If the agreement had in fact been a power-sharing arrangement between the conflicting parties, this task would have been compatible with the role of impar­tial mediator. However, since the agreement was con­cluded between certain actors against the resistance of many others, the UN role was now to support the Presidency Council in asserting itself against its adver­saries.
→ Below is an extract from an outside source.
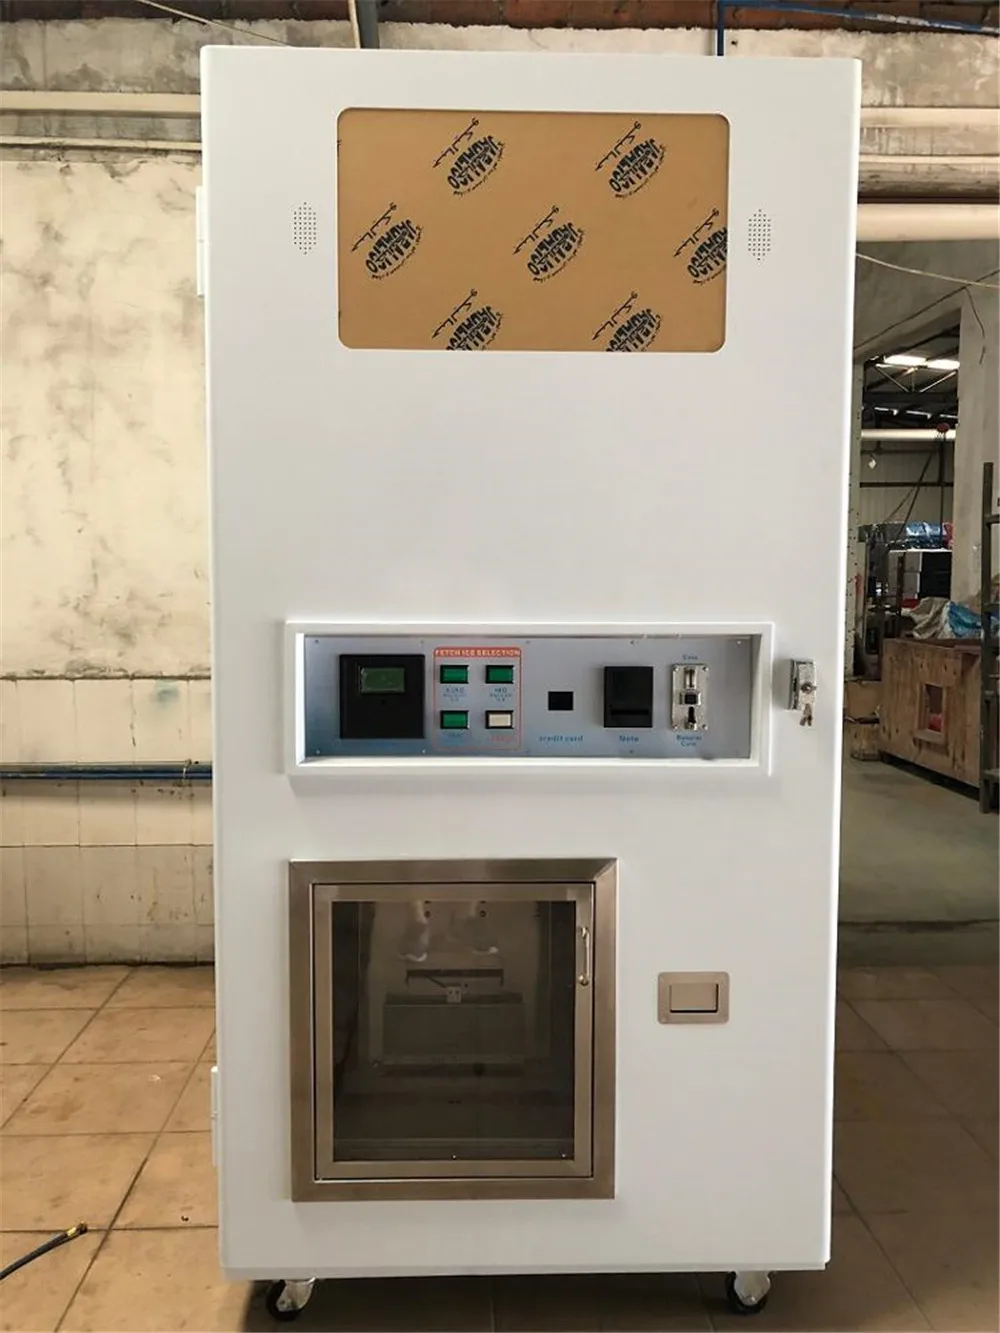 Коммерческий автомат по продаже льда весом 160 кг/день, автоматический автомат по продаже кубиков чистого льда

In Tripoli, this amounted to a tacitly acquiescent attitude toward the militias allied with the Presi­dency Council, who drove their rivals out of the capital in several rounds of fighting starting in mid-2016.

The actors in Tripoli themselves even viewed this evolution as driven by UNSMIL’s senior security advisor, the Italian General Paolo Serra – an impres­sion the UN mission did nothing to dispel – and the Italian government.

In eastern Libya, this meant that UNSMIL backed a group of controversial militia leaders, simply because they viewed the GNA as an opportunity to expand their influence at Haftar’s expense.

Soon after the Presidency Council arrived in Tripoli, it became clear that the agreement would not see implementation and that the country remained politically divided.

Soon after the Presidency Council arrived in Tripoli, it became clear that the agreement would not see implementation and that the country remained po­liti­cally divided.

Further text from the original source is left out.